Necessary and sufficient condition for $W$ to be unimodular: $K$ need not be unimodular, but the conjugacy relation imposes $$ [\det(W)]^2 = \frac{\det(K')}{\det(K)} $$ so $W$ is unimodular if and only if $$ \det(K) = \det(K') $$

Finding transformation $W$: Diagonalize $K$ and $K'$ as $$ K = U^T Q U,\;\;\;\;,U^TU = UU^T = I\;\;\;\;\;Q=Q^T=\text{Diag}(\lambda_K) $$ $$ K' = {U'}^T{Q'}{U'}, \;\;\;\;\;{U'}^T{U'} = {U'}{U'}^T = I\;\;\;\;\;{Q'}={Q'}^T= \text{Diag}(\lambda_{K'}) $$ where the diagonal matrices $Q$, $Q'$ list the eigenvalues $\lambda_K$, $\lambda_{K'}$ in order, say from smallest to largest.

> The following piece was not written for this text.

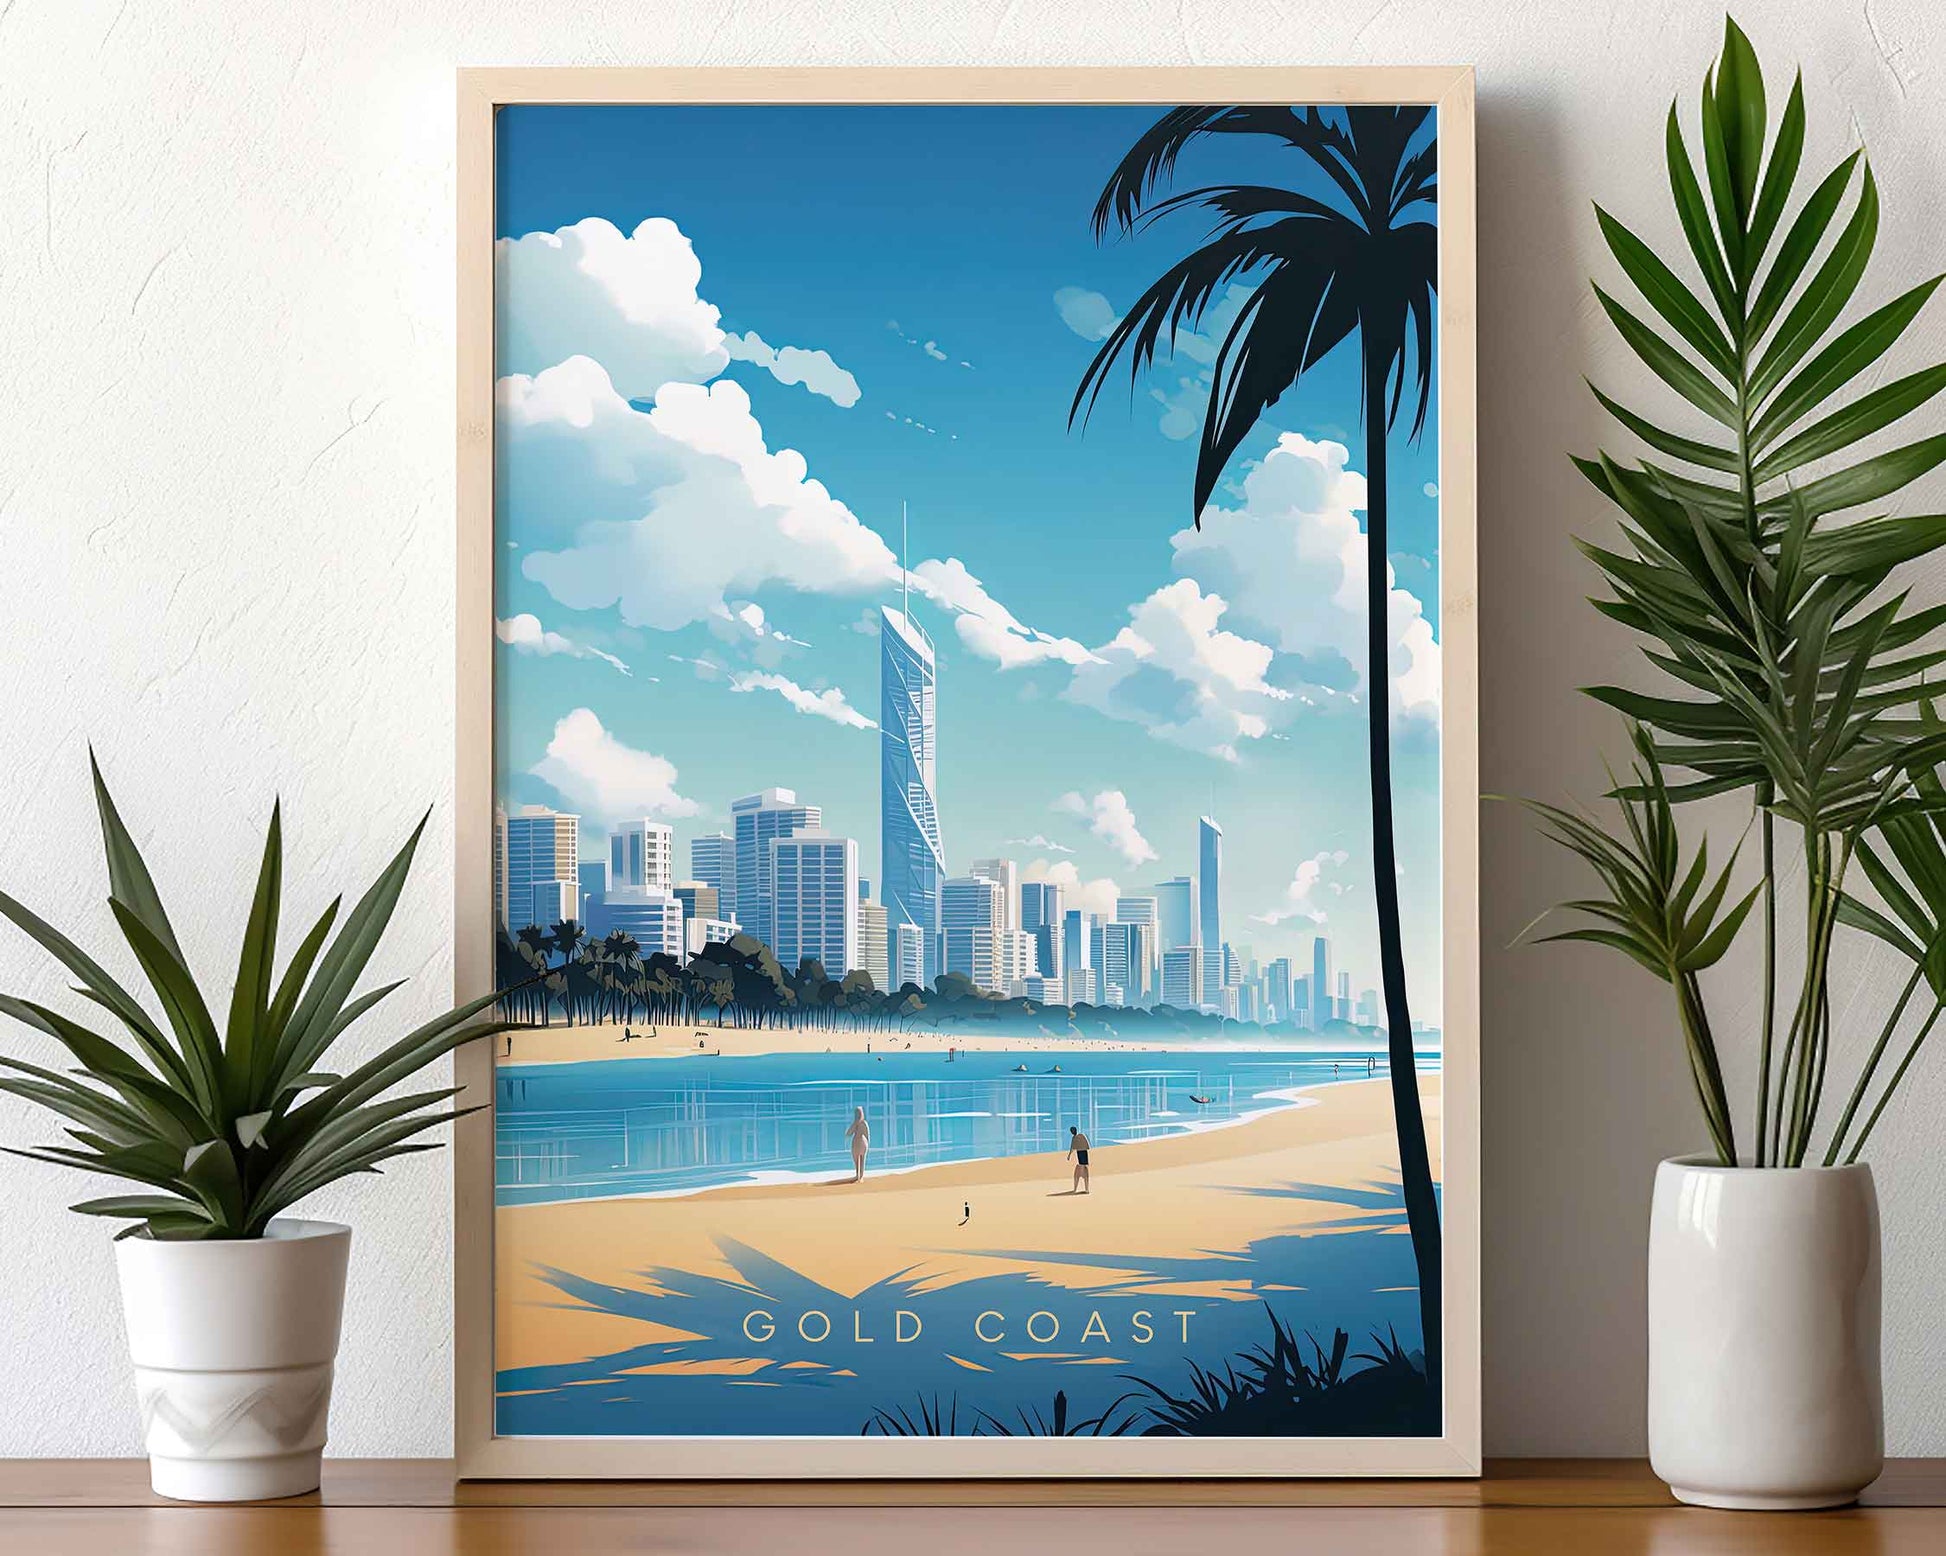 Framed Image of Gold Coast Australia Travel Wall Art Poster Prints Illustration

Further define $S = \text{Diag}(\sqrt{|\lambda_K|})$, ${S'} = \text{Diag}(\sqrt{|\lambda_{K'}|})$, and rewrite $$ Q = S^T D S,\;\;\;\;\; Q' = {S'}^T D {S'} $$ where $$D = \text{Diag}(\text{sign}(\lambda_K)) = \text{Diag}(\text{sign}(\lambda_{K'}))$$ is now a diagonal unimodular matrix, $[\det(D)]^2 = 1$. Substituting everything into the conjugacy relation brings it to the form $$ (S U W)^T D (S U W) = ({S'}{U'})^T D ({S'}{U'}) $$ and allows the identification, for instance, $$ S U W = {S'}{U'} $$ which eventually gives $$ W = U^T S^{-1}{S'}{U'} $$ If $\det(K) = \det(K')$ then also $\det(S) = \det(S')$ and so $\det(W) = \pm 1$, depending on $\det(U)$, $\det(U')$.

Note however that $W$ is not unique. Any ${\bar W} = U^T S^{-1}V{S'}{U'}$ with $V$ such that $V^TDV = D$ (for example $[V, D] = [V^T, D] = 0$ and $V^TV = I$) works just as well.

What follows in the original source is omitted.